Now, both tables are in 3NF, as there are no more transitive dependencies.

Boyce-Codd Normal Form (BCNF)

A relation is in Boyce-Codd Normal Form (BCNF) if:

  1. It is in 3NF.
  2. Every functional dependency \(X \rightarrow Y\) in the relation has \(X\) as a superkey.

BCNF is a stricter version of 3NF. While 3NF allows certain exceptions where non-superkey attributes can determine prime attributes, BCNF eliminates this exception entirely.

To demonstrate the difference between Third Normal Form (3NF) and Boyce-Codd Normal Form (BCNF), let’s work through an example.

Consider the following relation:

\[ R(\text{StudentID}, \text{CourseCode}, \text{InstructorName}) \]

Assume that this relation has the following functional dependencies:

  1. \(\text{StudentID}, \text{CourseCode} \rightarrow \text{InstructorName}\)
  2. \(\text{InstructorName} \rightarrow \text{CourseCode}\)

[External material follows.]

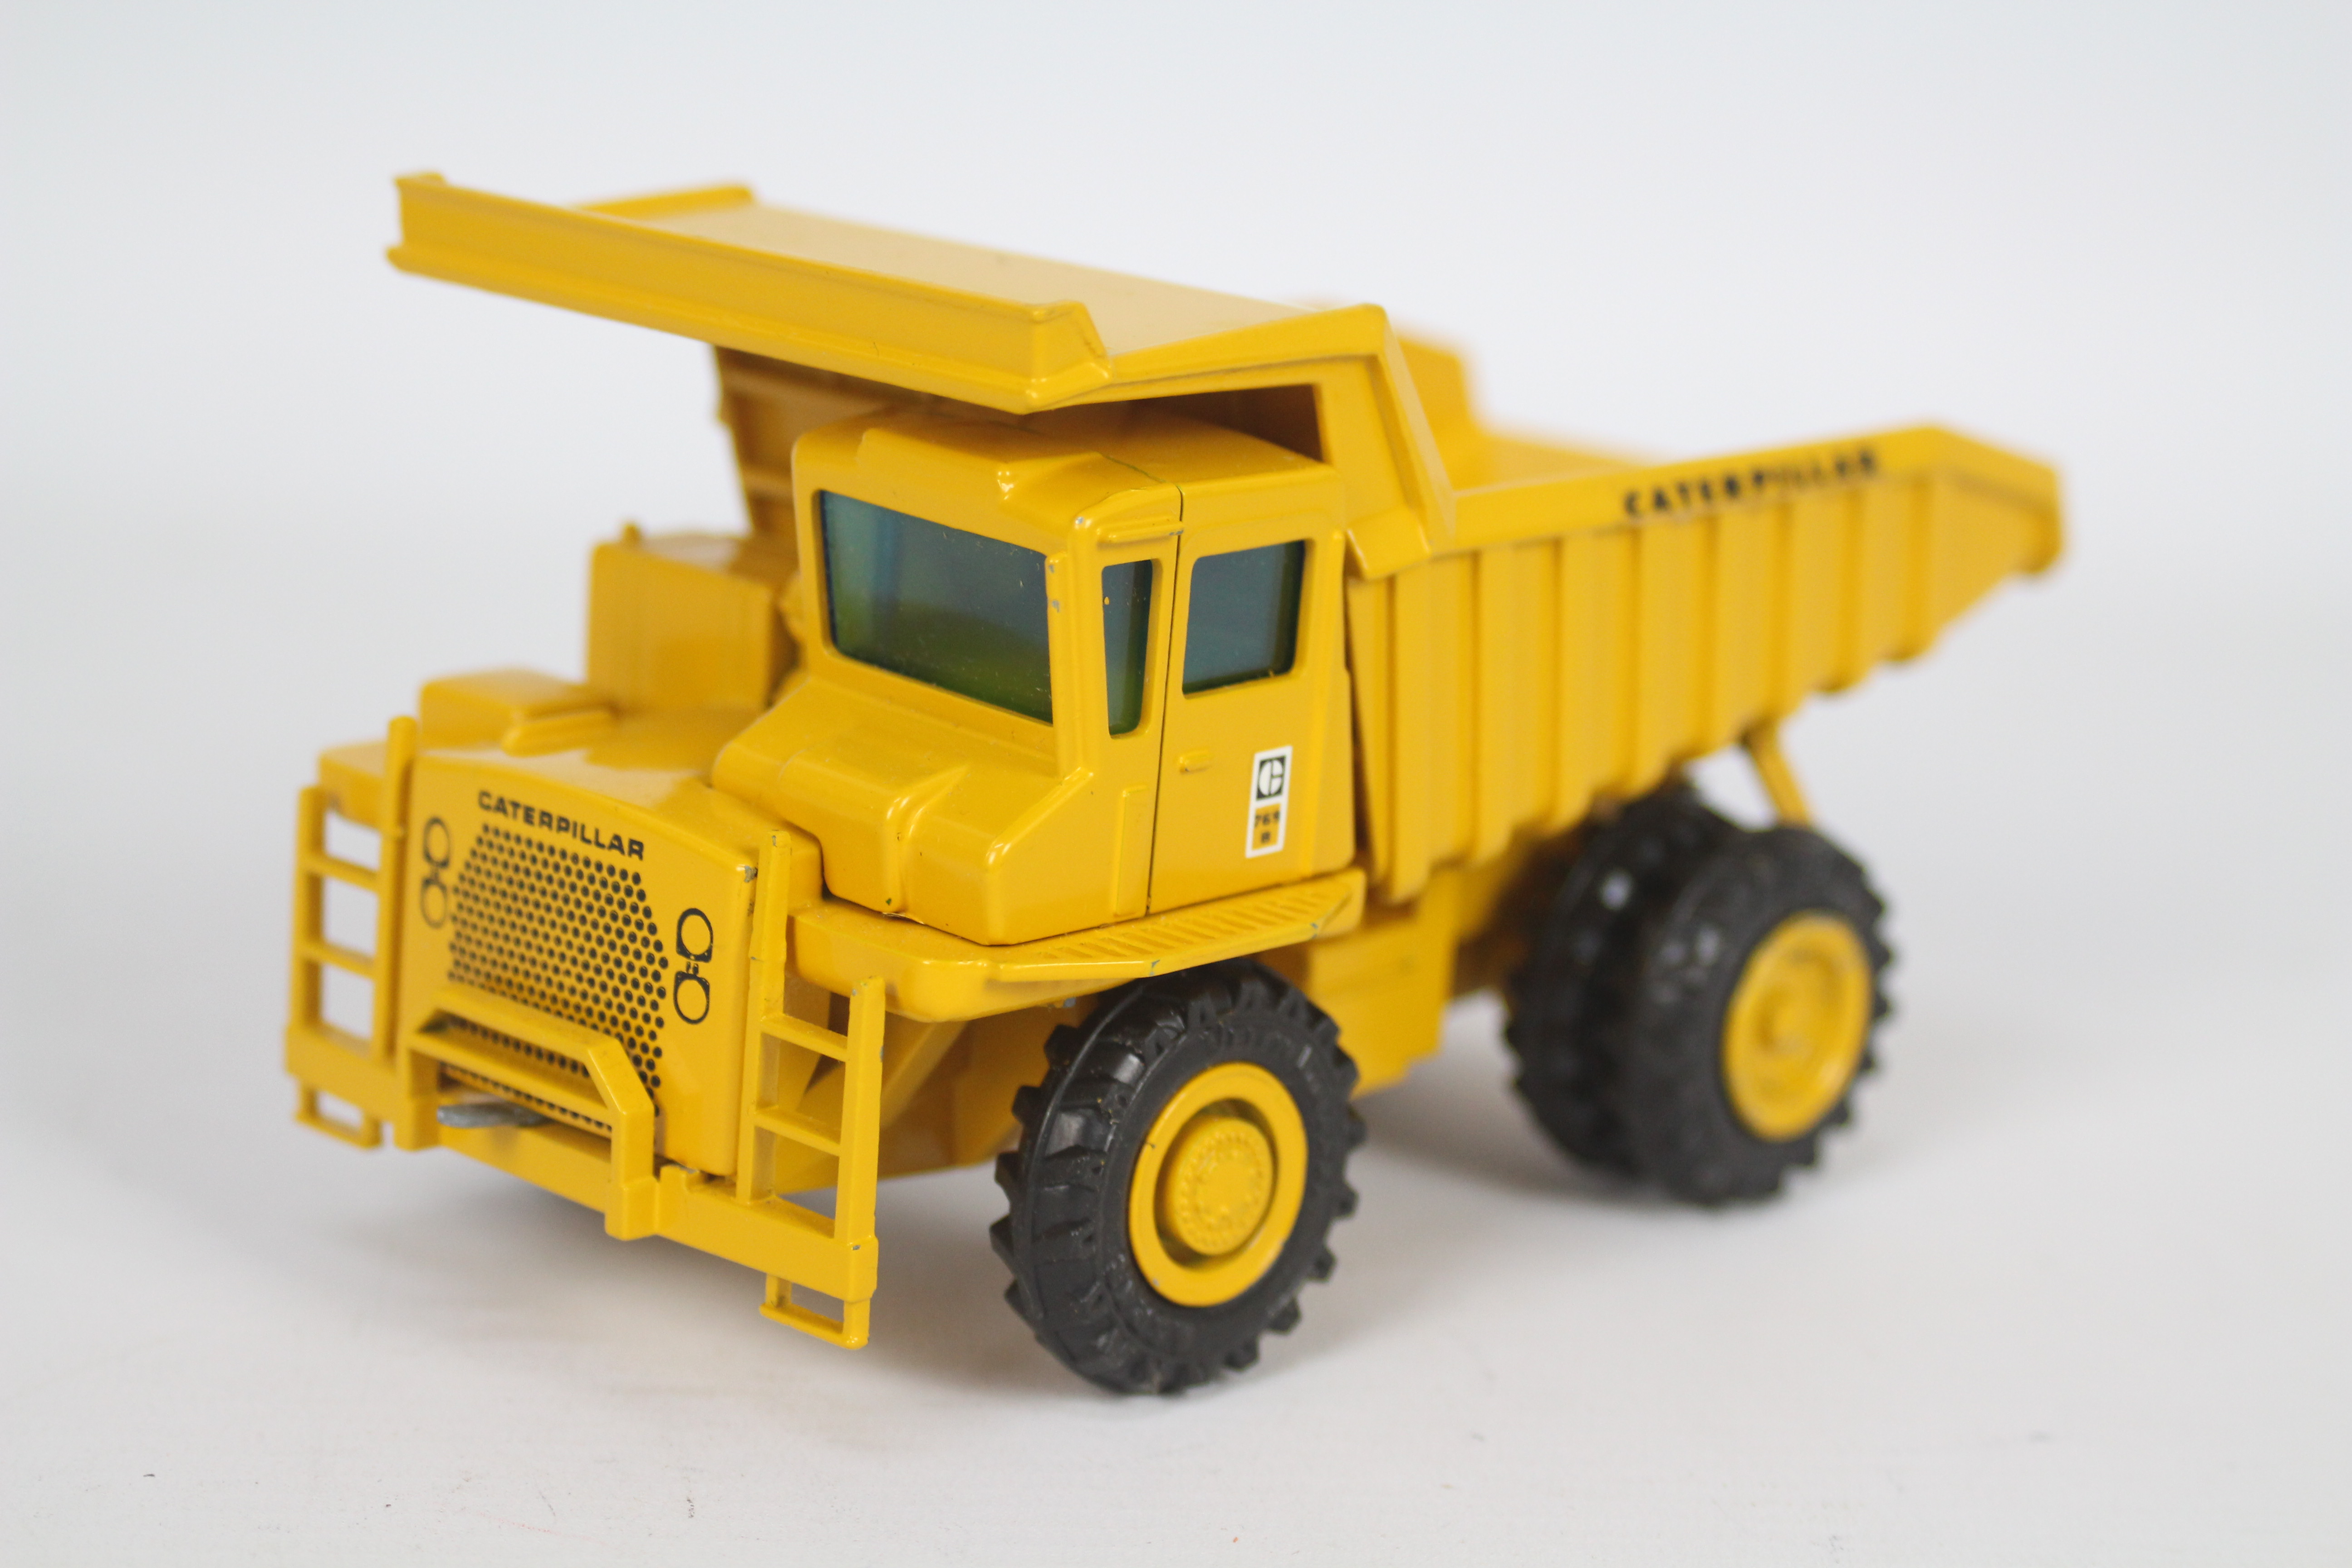 Gescha - A boxed CAT 769 Muldenkipper dumper truck in 1:50 scale. # 276. - Image 2 of 4

Step 1: Check if the Relation is in 3NF

For a relation to be in 3NF, one of two conditions must be true for each functional dependency \(X \rightarrow Y\):

  • \(X\) is a superkey.
  • \(Y\) is a prime attribute (an attribute that is part of a candidate key).

Let’s check each functional dependency:

  1. \(\text{StudentID}, \text{CourseCode} \rightarrow \text{InstructorName}\):
    Here, \((\text{StudentID}, \text{CourseCode})\) is a candidate key for the relation, and it uniquely identifies the InstructorName. Therefore, this dependency satisfies the conditions for 3NF because \((\text{StudentID}, \text{CourseCode})\) is a superkey.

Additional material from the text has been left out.